She looked at him an instant, and then fell on her knees beside the chair and hid her face upon his shoulder.
“John, you forget; you make me ashamed when you speak thus; we women are not angels; we are quick, selfish, passionate things, though we may be unselfish when we love.”
“Dear, I forget nothing of that,” he said. “Do you think that I would choose to love a saint?”
“I am nothing of a saint, John.”
“Thank God,” said he.
John Gore told her nothing that night of her mother’s death, for the evening in that great warm kitchen seemed too goodly and dear a time to be marred by evil tidings. Perhaps self had some weight, too, with him that night, for it was a delight to watch the warm blood mantling under the soft skin, the radiance of her eyes, and the way she would look at him suddenly and color. John Gore’s eyes could not leave her that evening as they sat round the fire with Mrs. Winnie busy at her stitching, and Mr. Christopher smoking his pipe and trying to pretend that he was half asleep.
The eyes of the day were empty of tears on the morrow, the world full of winter sunlight, the sky all blue, the woods all purple and gray. John Gore borrowed Mr. Jennifer’s nag, for his own beast needed a rest, and, saddling Barbara’s horse, he took her out with him for a canter along the grass track that wound past Furze Farm and onward into the vague lands. It was a grass track that might have come down from old Celtic times, before the Romans spaced out their Itineraries, a highway that had run south of the great weald that stretched from the marshes of Portus Lemanis to the plains of Gwent.

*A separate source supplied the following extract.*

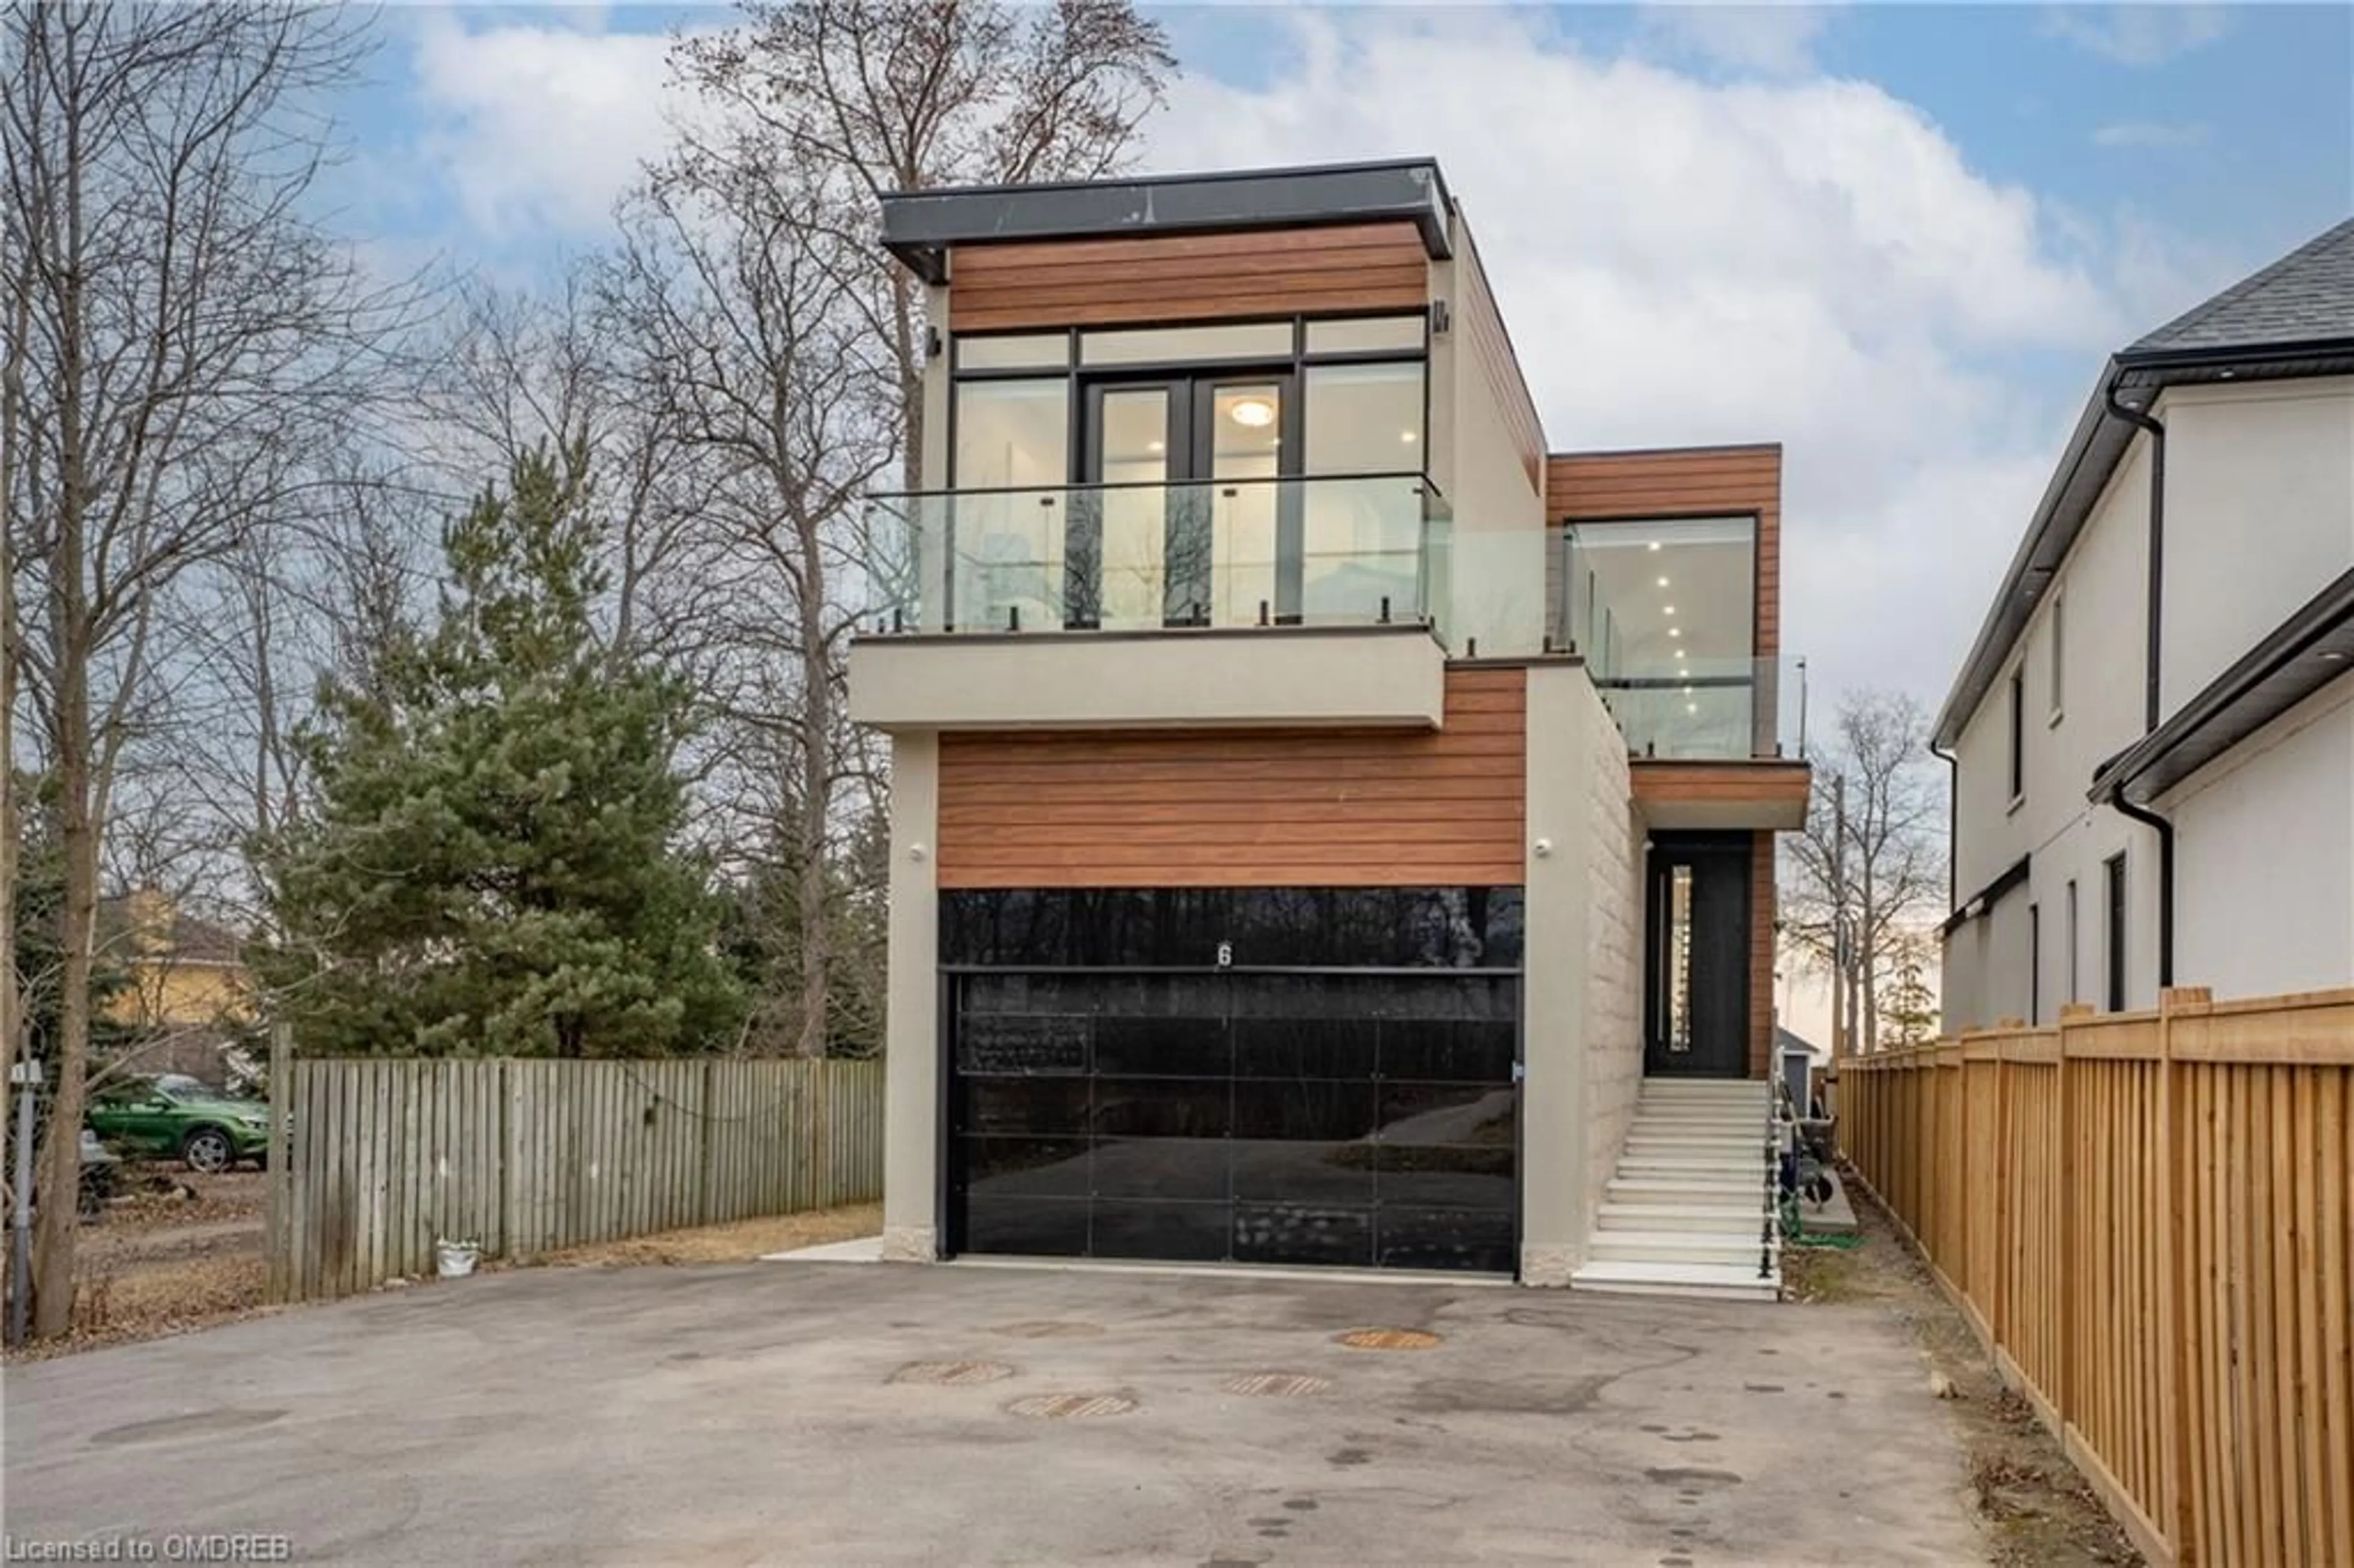 Home with brick exterior material for 6 Campview Rd, Stoney Creek Ontario L8E 5E2

John Gore waited till they were on the homeward road and not a mile from the farm before telling her of Anne Purcell’s death. They were riding along the ridge of a hill, with Beechy Head a great blue shadow far away, and the silver bow of the sea bent against the land. Barbara rode on beside him, with the light gone suddenly from her eyes, and a shocked silence making her mute. Her mother had borne and bred her, little more; she had even been ready to sacrifice the child to save her paramour and herself; and yet Barbara felt a great pity for that poor, gay woman who would paint her cheeks no more, nor ogle herself in the glass to see how her eyes beckoned. Barbara’s heart had changed greatly those months. She had a wider consciousness, more sympathy, more insight. It had become easier to pity than to hate.
John Gore saw that she was weeping the tears of compassion and of regret rather than the tears of passion. And he let her weep, pushing his horse a little ahead of hers to give her privacy, for there are times in life when every soul must meet its intimate thoughts alone.
They were within view of the farm when he heard her call to him, and her voice was very gentle, as though there were no malice and anger left in her.